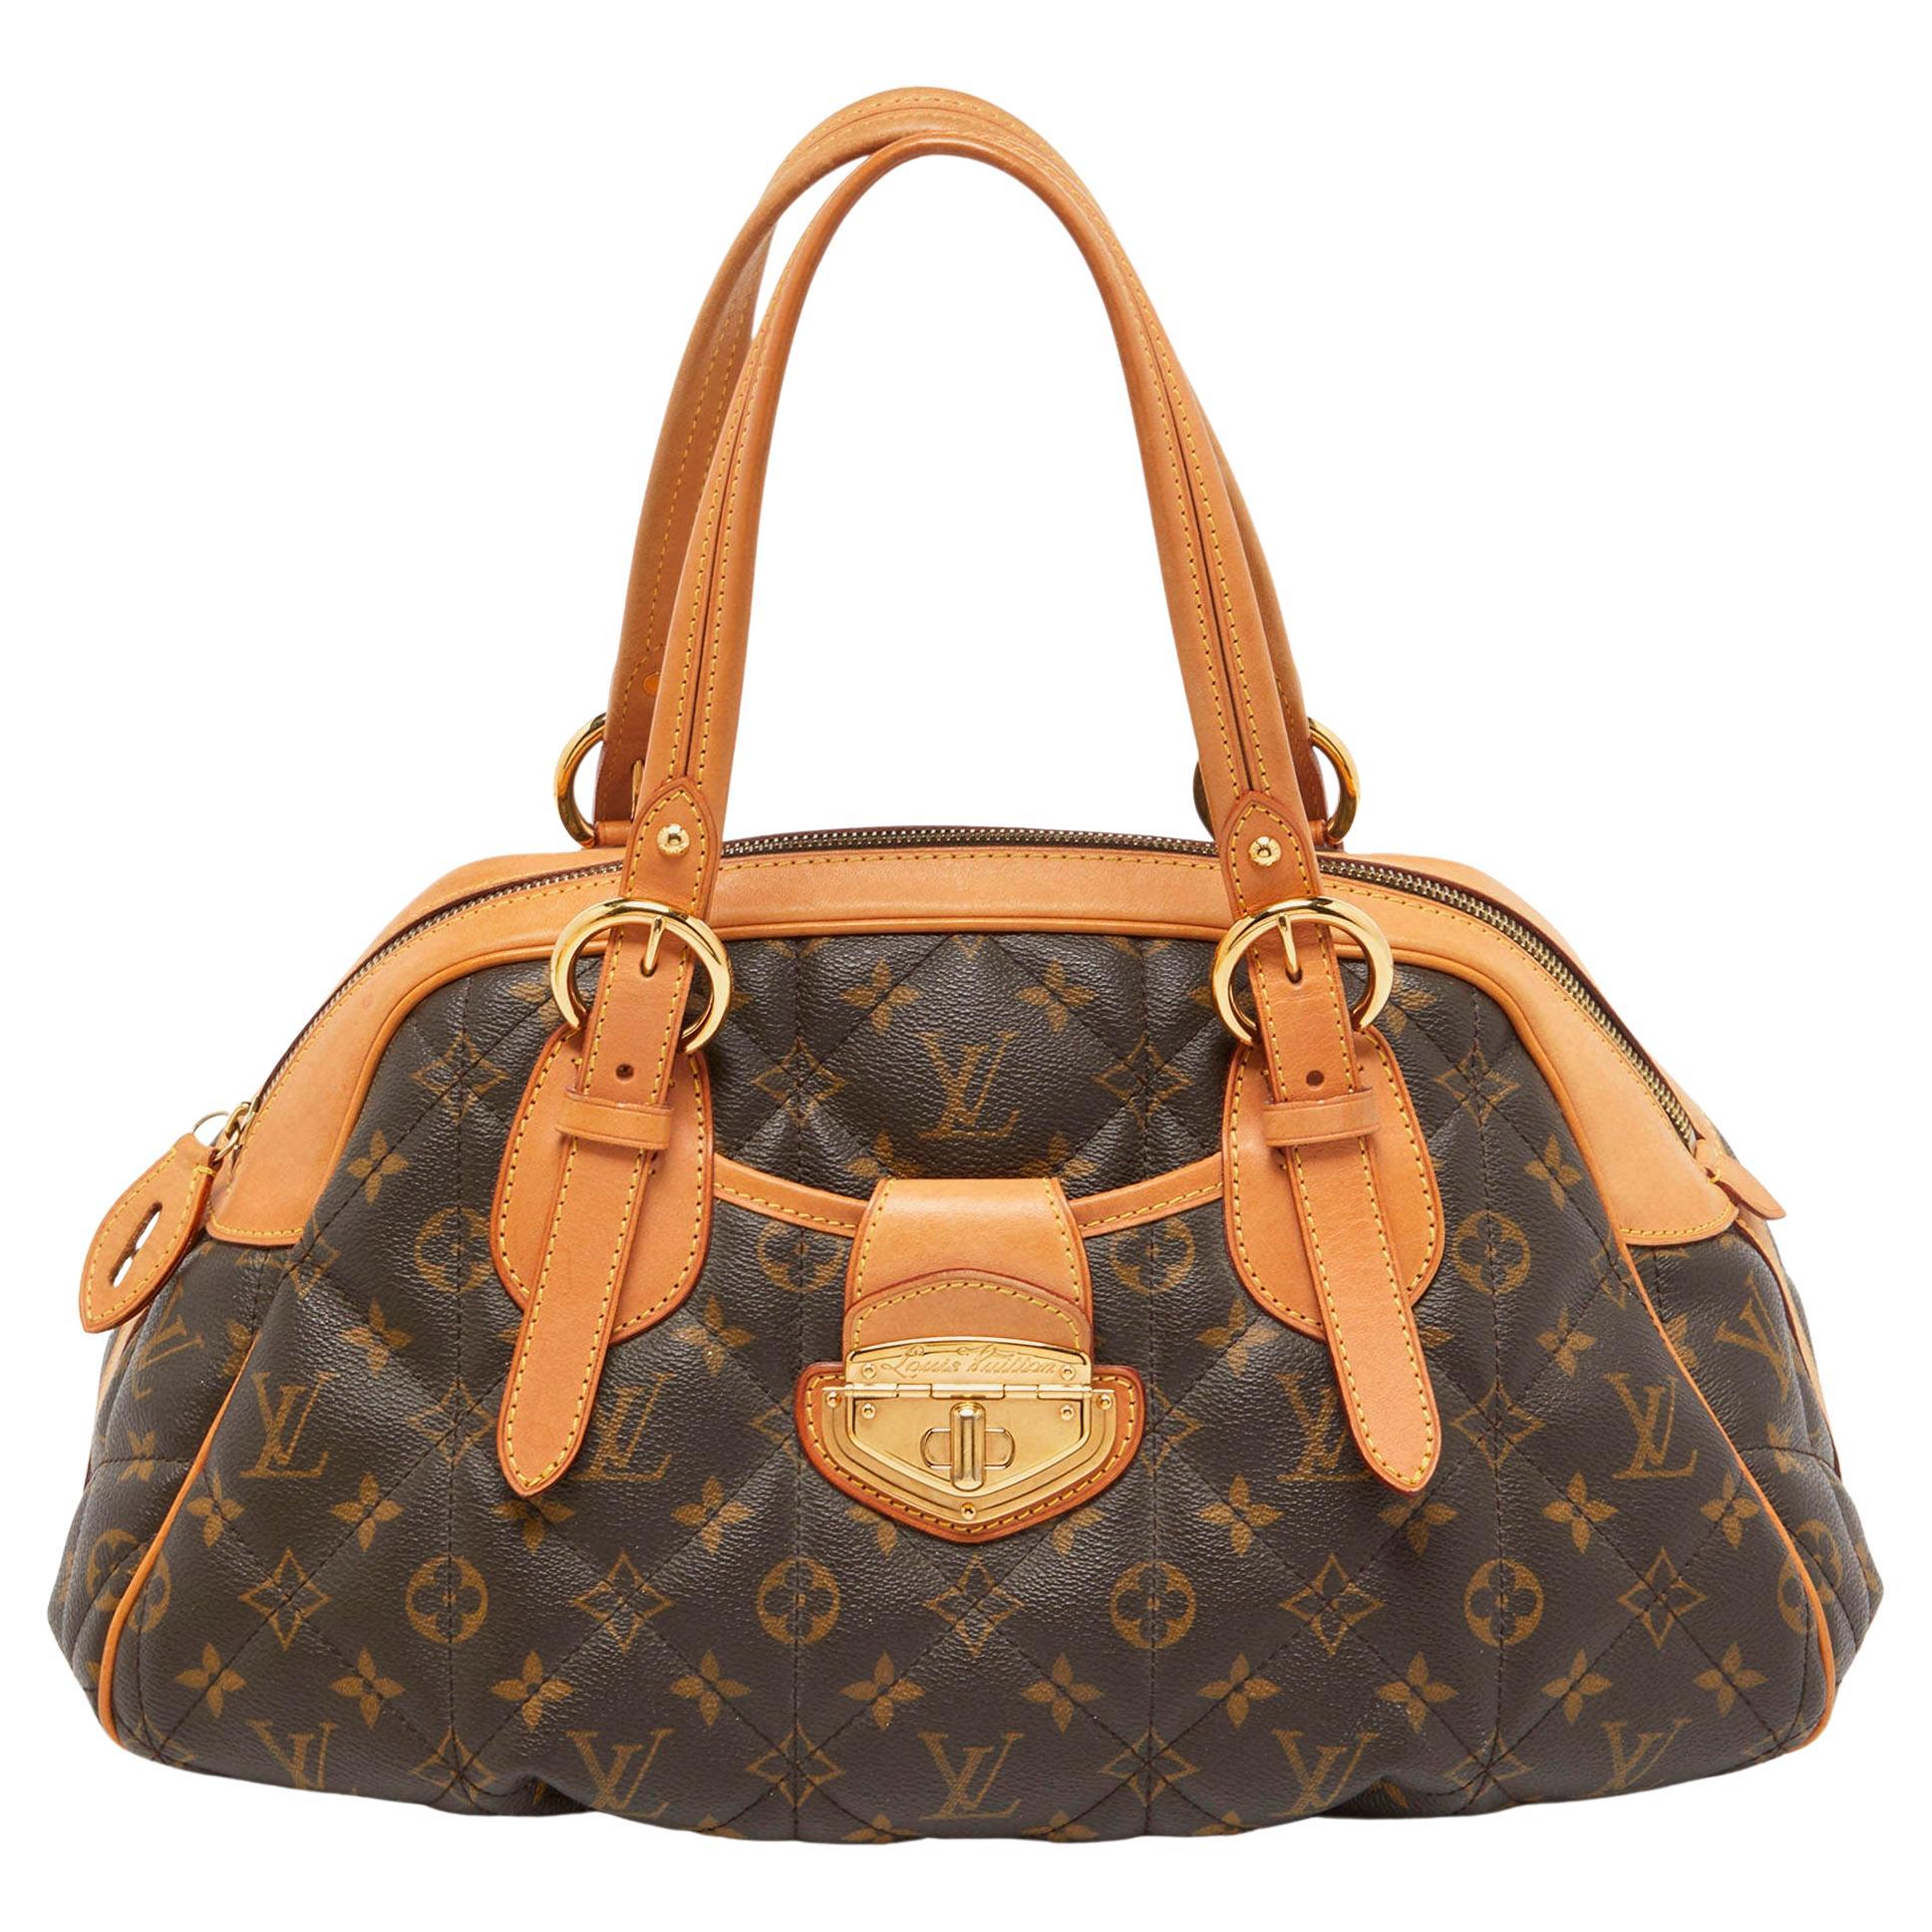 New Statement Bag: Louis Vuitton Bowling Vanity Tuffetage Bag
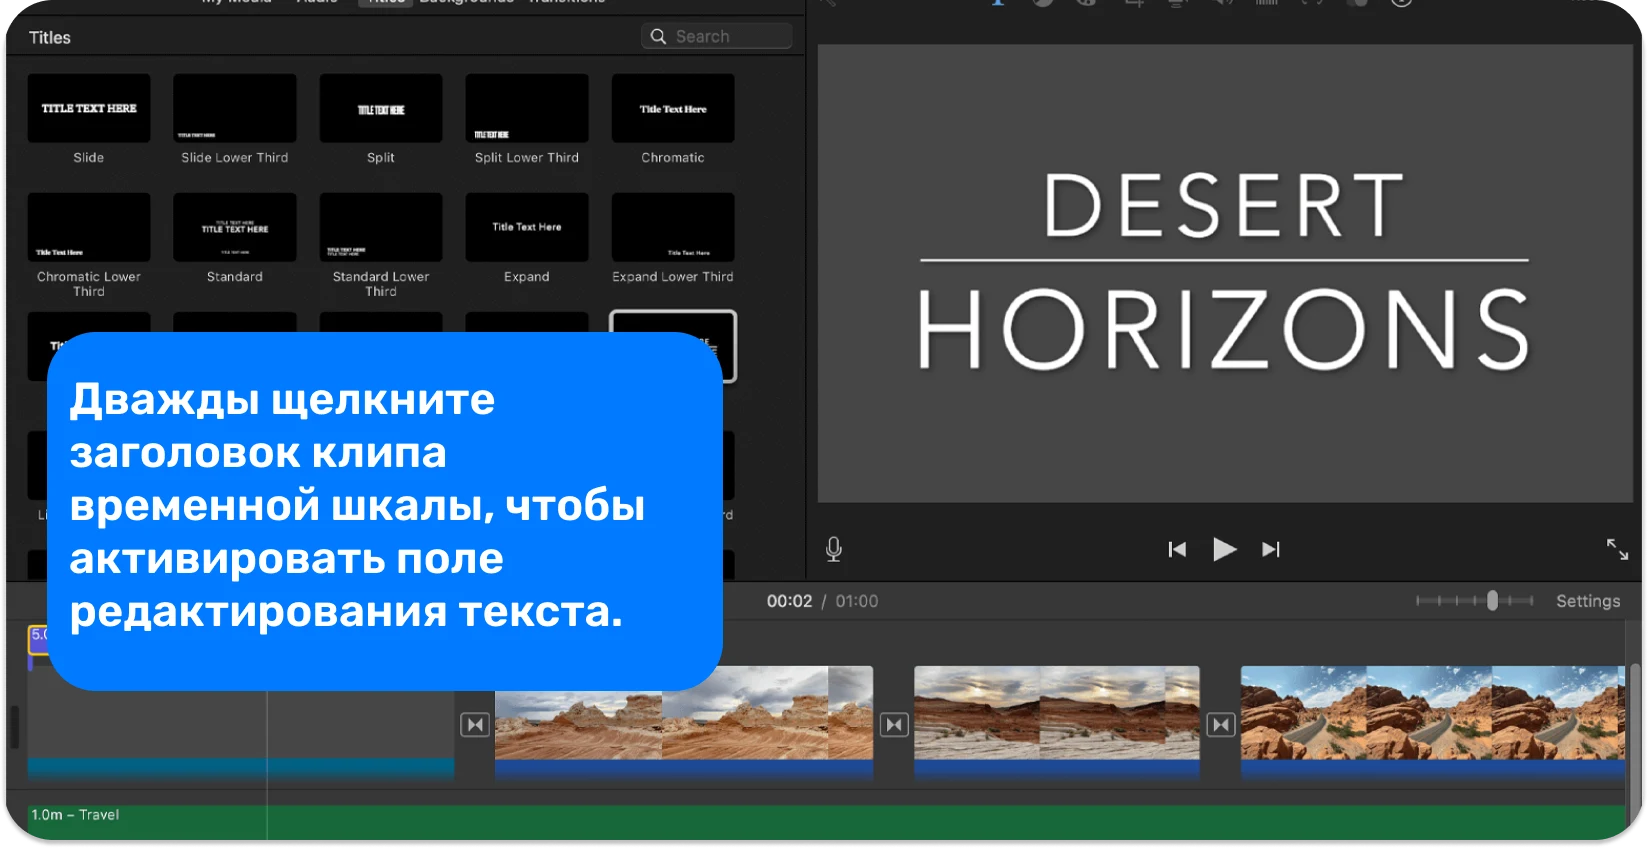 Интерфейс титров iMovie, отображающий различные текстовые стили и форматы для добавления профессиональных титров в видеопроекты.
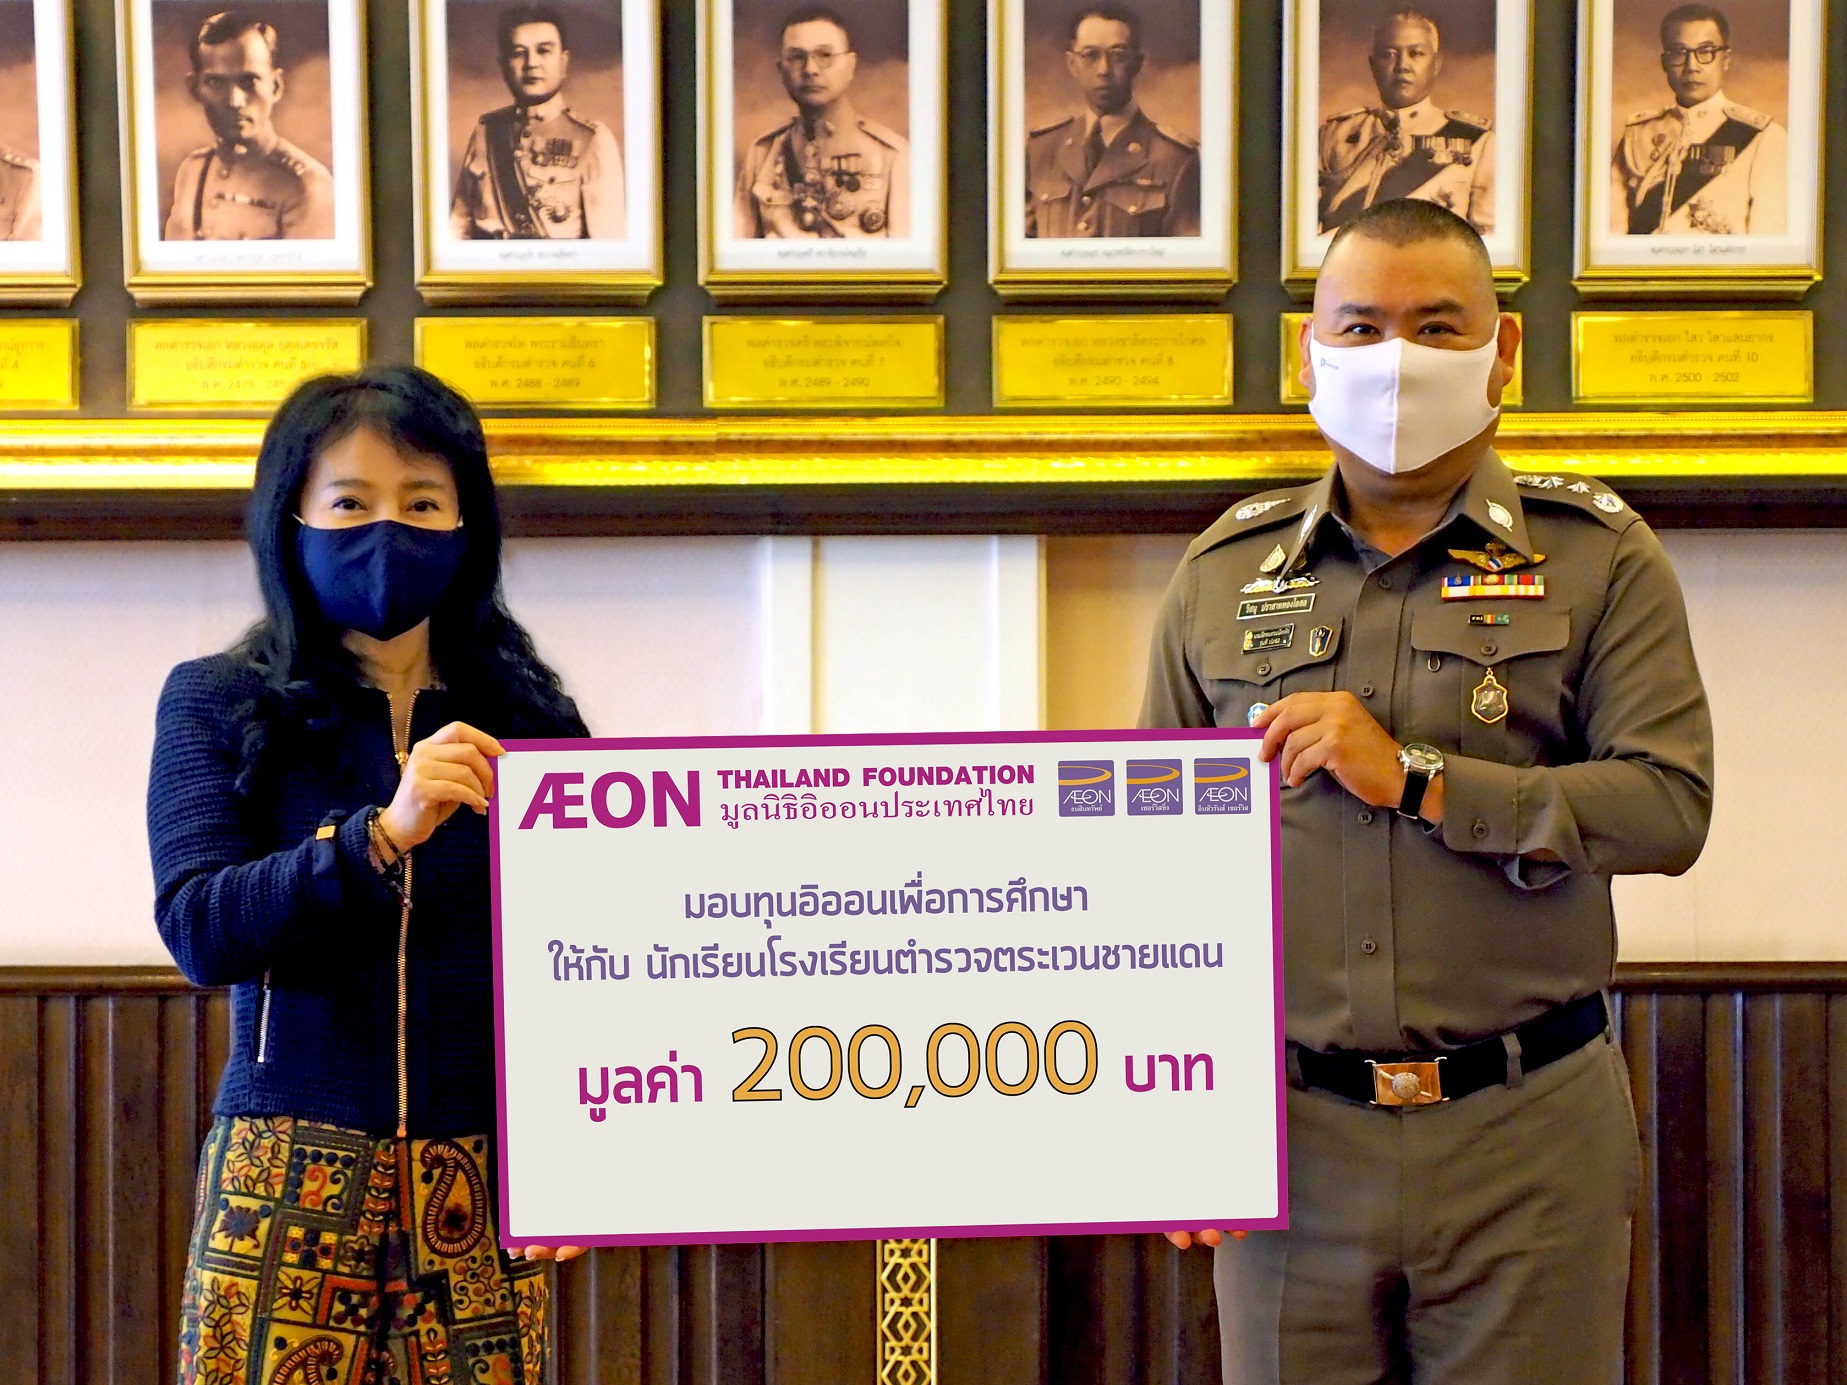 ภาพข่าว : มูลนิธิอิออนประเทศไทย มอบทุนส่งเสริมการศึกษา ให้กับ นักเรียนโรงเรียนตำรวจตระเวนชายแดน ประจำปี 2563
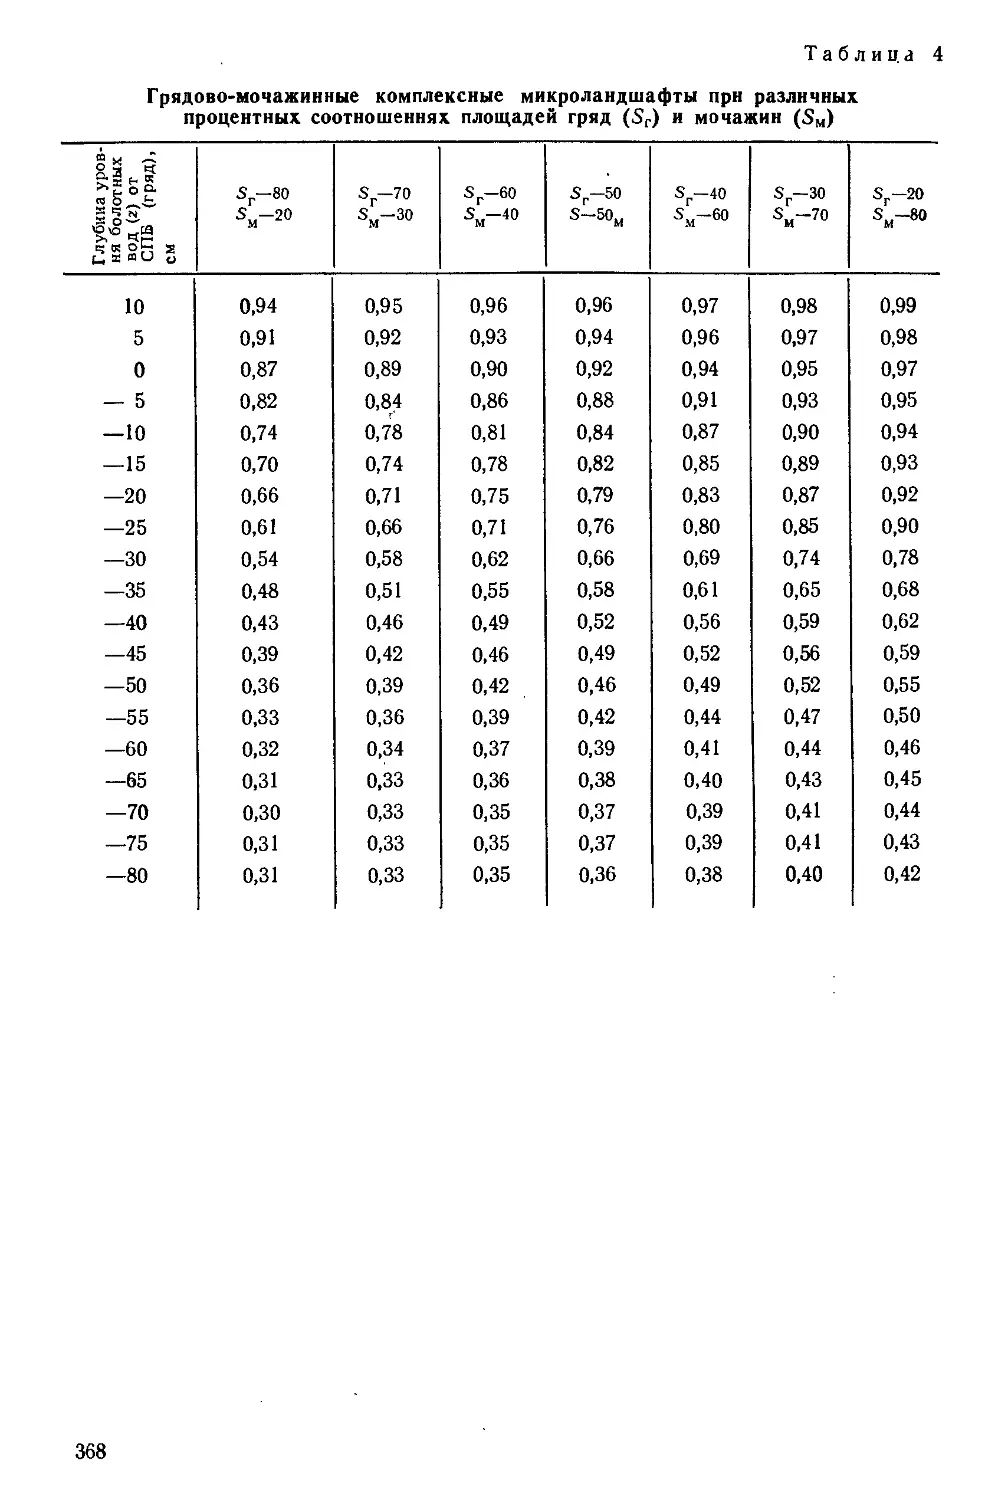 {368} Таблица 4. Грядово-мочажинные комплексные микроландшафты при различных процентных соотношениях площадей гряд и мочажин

» Aim of the exercise: Reproduce the listing above exactly, excluding all pictures.

» Output of the exercise:
 New Statement Bag: Louis Vuitton Bowling Vanity Tuffetage Bag
 Интерфейс титров iMovie, отображающий различные текстовые стили и форматы для добавления профессиональных титров в видеопроекты.
 ภาพข่าว : มูลนิธิอิออนประเทศไทย มอบทุนส่งเสริมการศึกษา ให้กับ นักเรียนโรงเรียนตำรวจตระเวนชายแดน ประจำปี 2563
 {368} Таблица 4. Грядово-мочажинные комплексные микроландшафты при различных процентных соотношениях площадей гряд и мочажин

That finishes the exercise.